Historical population
| Census | Pop. | Note | %± |
| 1910 | 656 |  | — |
| 1920 | 892 |  | 36.0% |
| 1930 | 895 |  | 0.3% |
| 1940 | 1,081 |  | 20.8% |
| 1950 | 756 |  | −30.1% |
| 1960 | 807 |  | 6.7% |
| 1970 | 1,187 |  | 47.1% |
| 1980 | 1,143 |  | −3.7% |
| 1990 | 1,411 |  | 23.4% |
| 2000 | 1,402 |  | −0.6% |
| 2010 | 1,424 |  | 1.6% |
U.S. Decennial Census 1900 (N/A) 1910-1930 1930-1950 1980-2000 2010

==Sectors==
Barrios (which are, in contemporary times, roughly comparable to minor civil divisions) in turn are further subdivided into smaller local populated place areas/units called sectores (sectors in English). The types of sectores may vary, from normally sector to urbanización to reparto to barriada to residencial, among others.
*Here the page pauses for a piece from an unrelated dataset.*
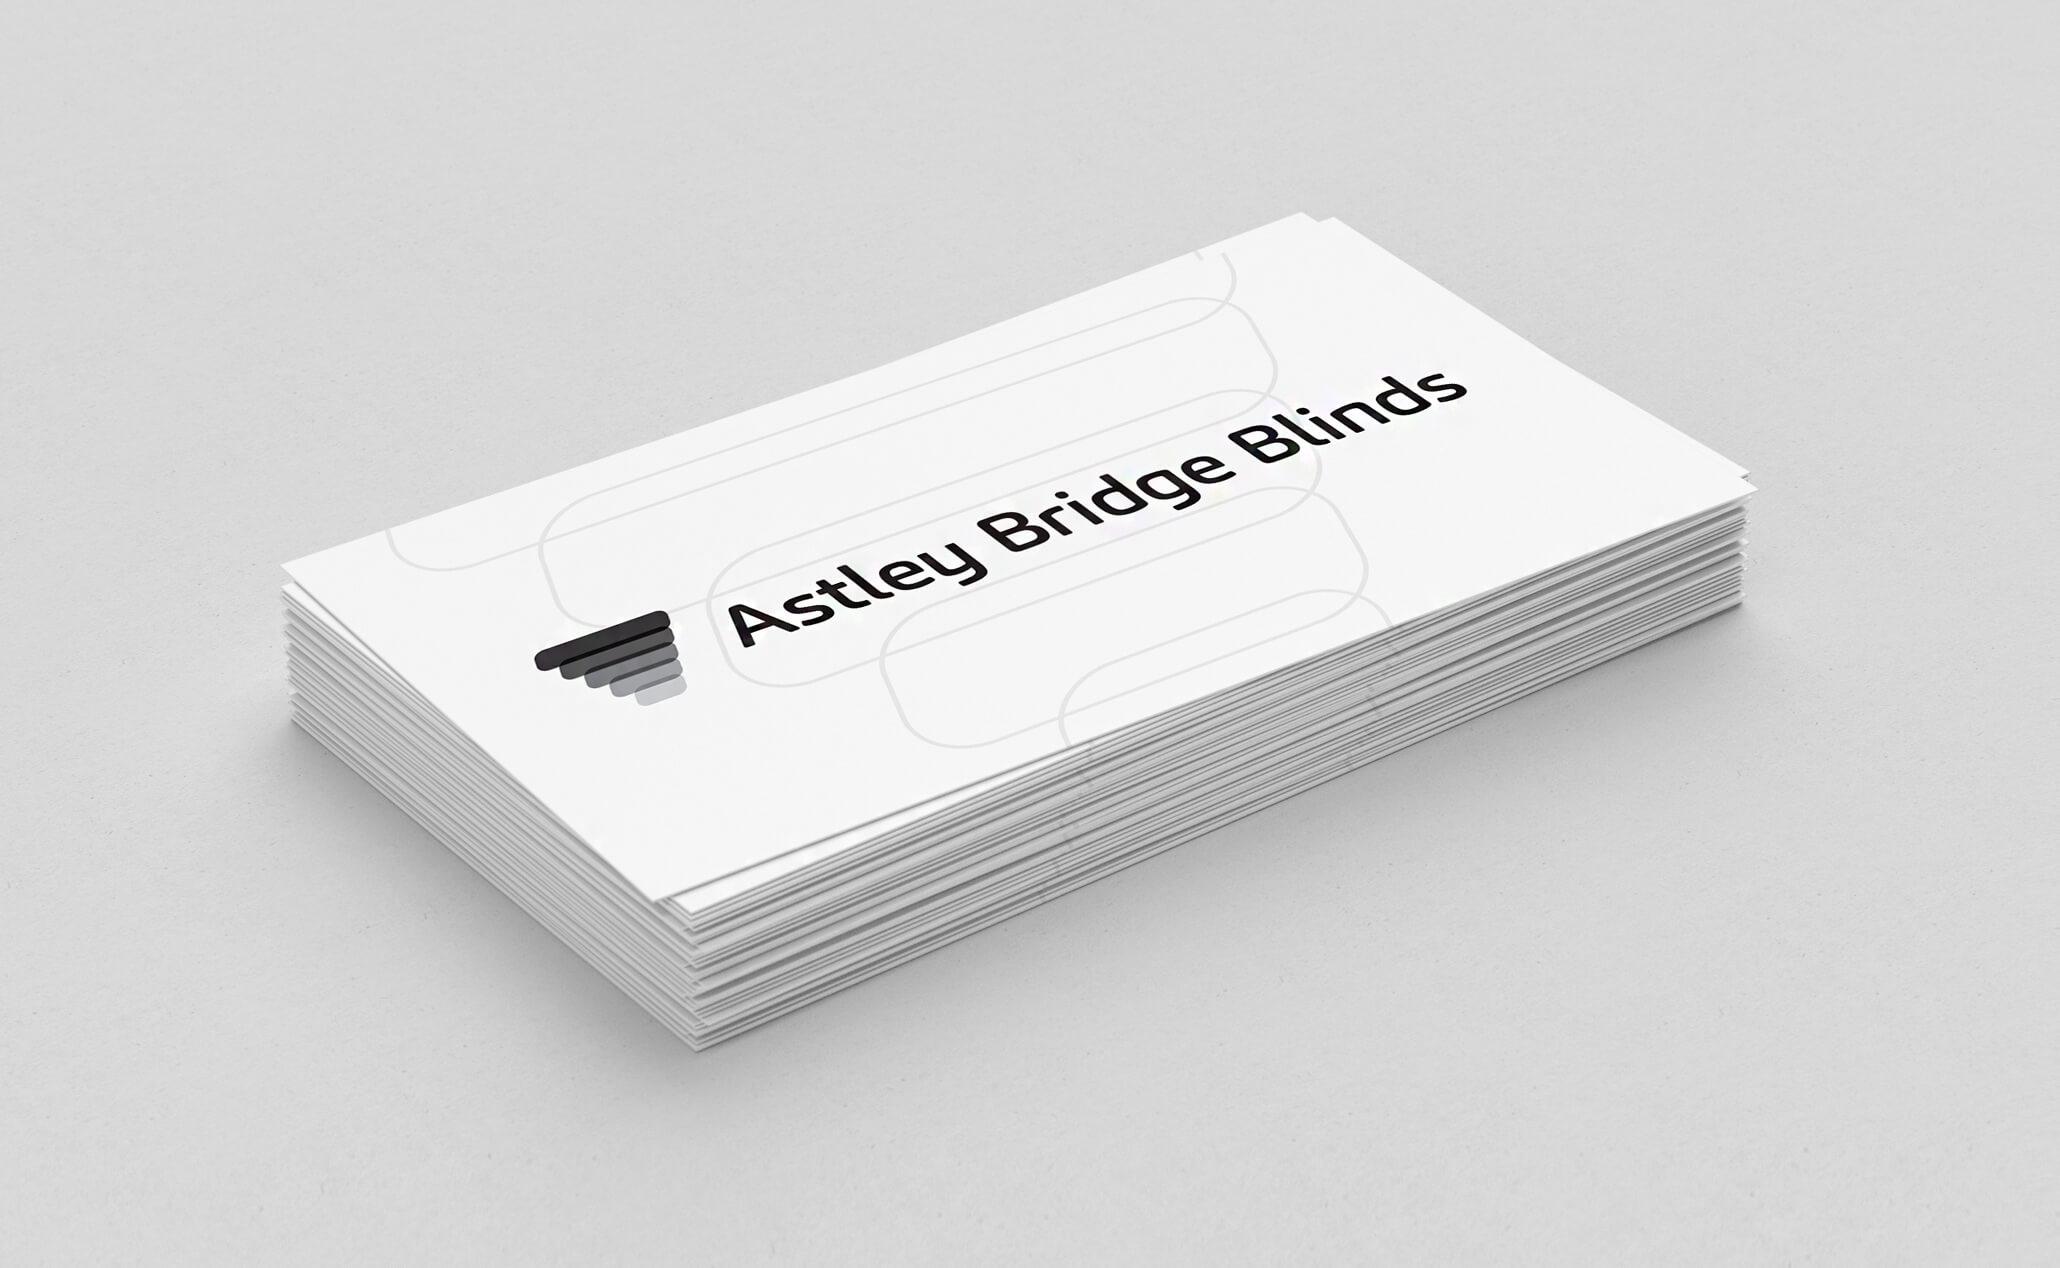 Astley Bridge Blinds business cards

The following sectors are in Caonillas barrio:

Desvío Robles, La Vega, Parcelas Nuevas, Parcelas Viejas, Sector Bambúa, Sector Bejucos, Sector Corea, Sector El Coquí, Sector Escuelas, Sector La Tea, Sector Quenepo, and Sector Verdún.

==Special communities==
Since 2001 when law 1-2001 was passed, measures have been taken to identify and address the high levels of poverty and the lack of resources and opportunities affecting specific communities in Puerto Rico. Initially there were 686 places that made the list. By 2008, there were 742 places on the list of Comunidades especiales de Puerto Rico. The places on the list are barrios, communities, sectors, or neighborhoods and in 2004 Sector El Coquí in Caonillas made the list. In 2017, Jesus Velez Vargas, the director of the Special Communities of Puerto Rico program stated that the program was evolving with more ways to help the residents of these so-called marginal communities.